Атрофодермия червеобразная: клиническая картина, дифференциальная диагностика, лечение

Обложка


Цитировать

Полный текст

Аннотация

Атрофодермия червеобразная – редкий доброкачественный фолликулярный дерматоз, локализующийся в косметически значимой зоне (на коже лица), приводящий к формированию поверхностных рубцов. Заболевание проявляется уже в возрасте 5–12 лет и, вероятно, имеет аутосомно-доминантный характер наследования. Возможна ассоциация дерматоза с другими врождёнными аномалиями и некоторыми наследственными болезнями – синдромом Марфана, нейрофиброматозом, врождёнными пороками сердца, умственной отсталостью, сходной с таковой при болезни Дауна.
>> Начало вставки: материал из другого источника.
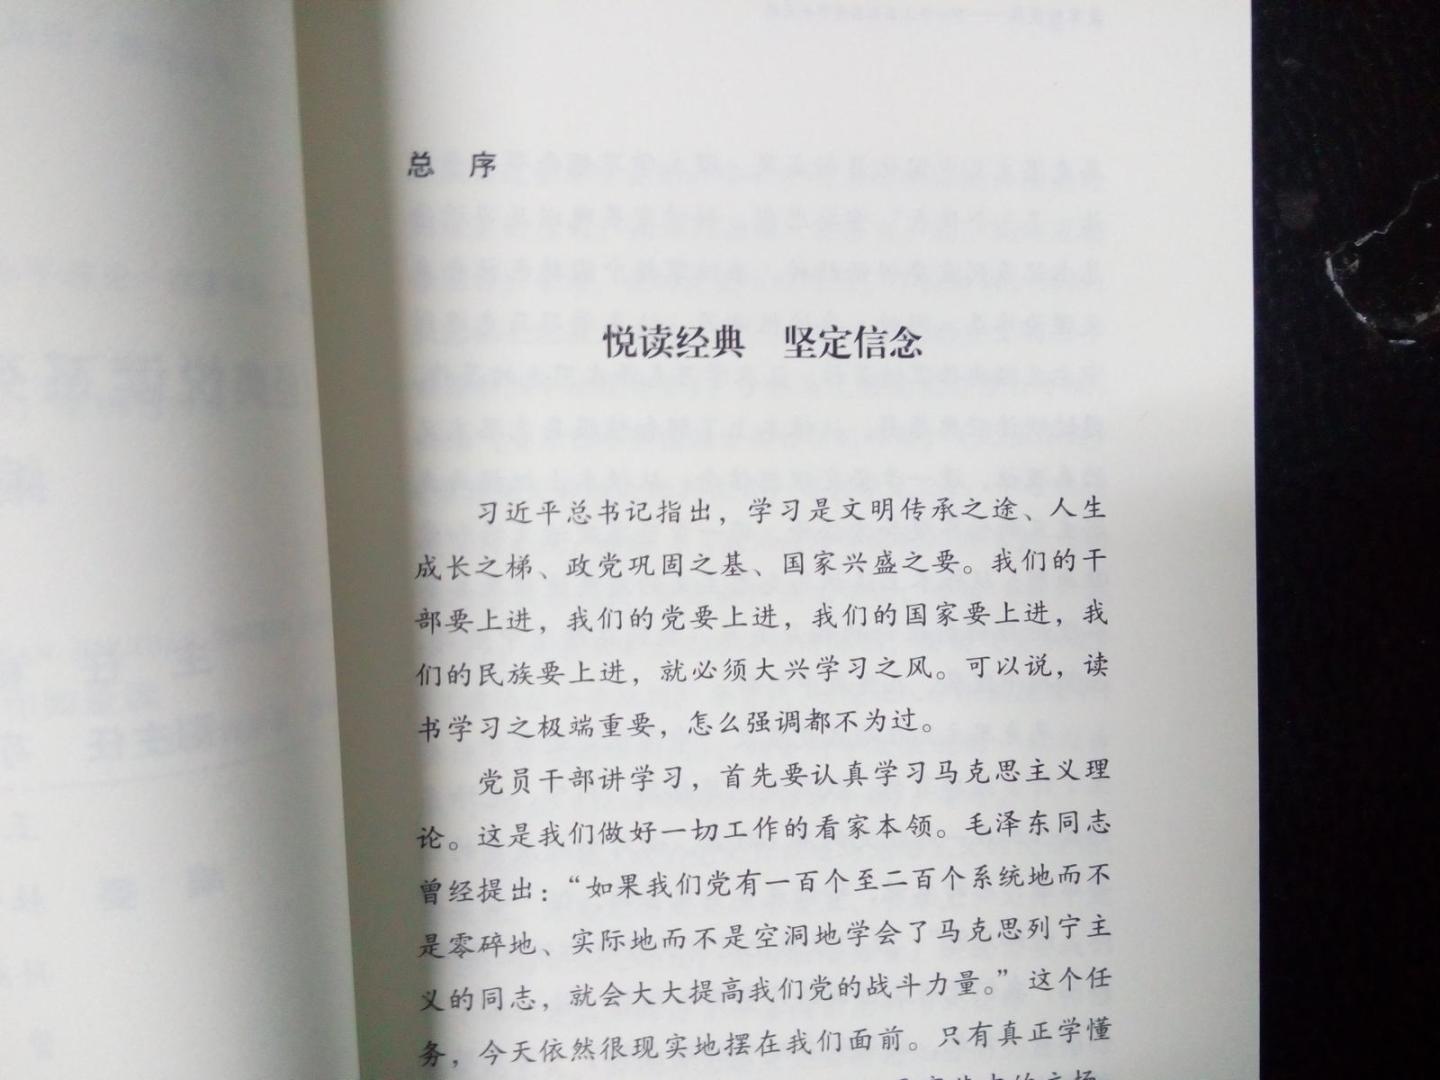 一本帮助大家更好理解邓小平理论的书，浅显易懂，比较不错。

Проанализированы типичные клинические признаки атрофодермии червеобразной на собственном клиническом наблюдении, проведён подробный дифференциально-диагностический анализ с рядом дерматозов, охарактеризованы современные методы и подходы к лечению этого дерматоза.

Полный текст

Атрофодермия червеобразная (от лат. atrophodermia vermiculata; син.: сетчатая симметричная атрофодермия лица, сетчатый рубцово-эритематозный фолликулит и др.) – редкий доброкачественный фолликулярный дерматоз, который проявляется сетчатыми (или сотовыми) поверхностными рубцами кожи, чаще всего в области лица. Данная форма дерматоза в качестве самостоятельной была выделена французским дерматологом Жоржем Тибьержем (G. Thibierge) в 1900 г., а термин «атрофодермия червеобразная» закрепился за ним лишь в 1920 г. благодаря другому французскому дерматологу и гистологу – Жану Дарье (Jean Darier) [1].

Этиология заболевания неясная. Имеются мнения о невоидной природе патологии; при наличии семейных случаев допускают роль наследственных факторов, в частности аутосомно-доминантный тип наследования; отдельные авторы указывают на близость атрофодермии червеобразной и ульэритемы надбровной [2], однако небольшое число наблюдений не даёт возможности сделать окончательные выводы.

Патоморфологическая картина характеризуется фолликулярным гиперкератозом, атрофией эпидермиса, атрофическими изменениями сальных желёз и волосяных фолликулов; отмечается наличие маленьких роговых кист, небольших периваскулярных и перифолликулярных мононуклеарных инфильтратов. Кроме того, для морфологической картины характерно наличие очагового разрежения структур эластических волокон, небольшое расширение капилляров, особенно вокруг фолликулов и их субэпидермальной агрегации [3]. Также отмечено расширение протоков потовых желёз, а в патологических очагах, локализующихся на коже рук, – гипертрофия сальных желёз [4].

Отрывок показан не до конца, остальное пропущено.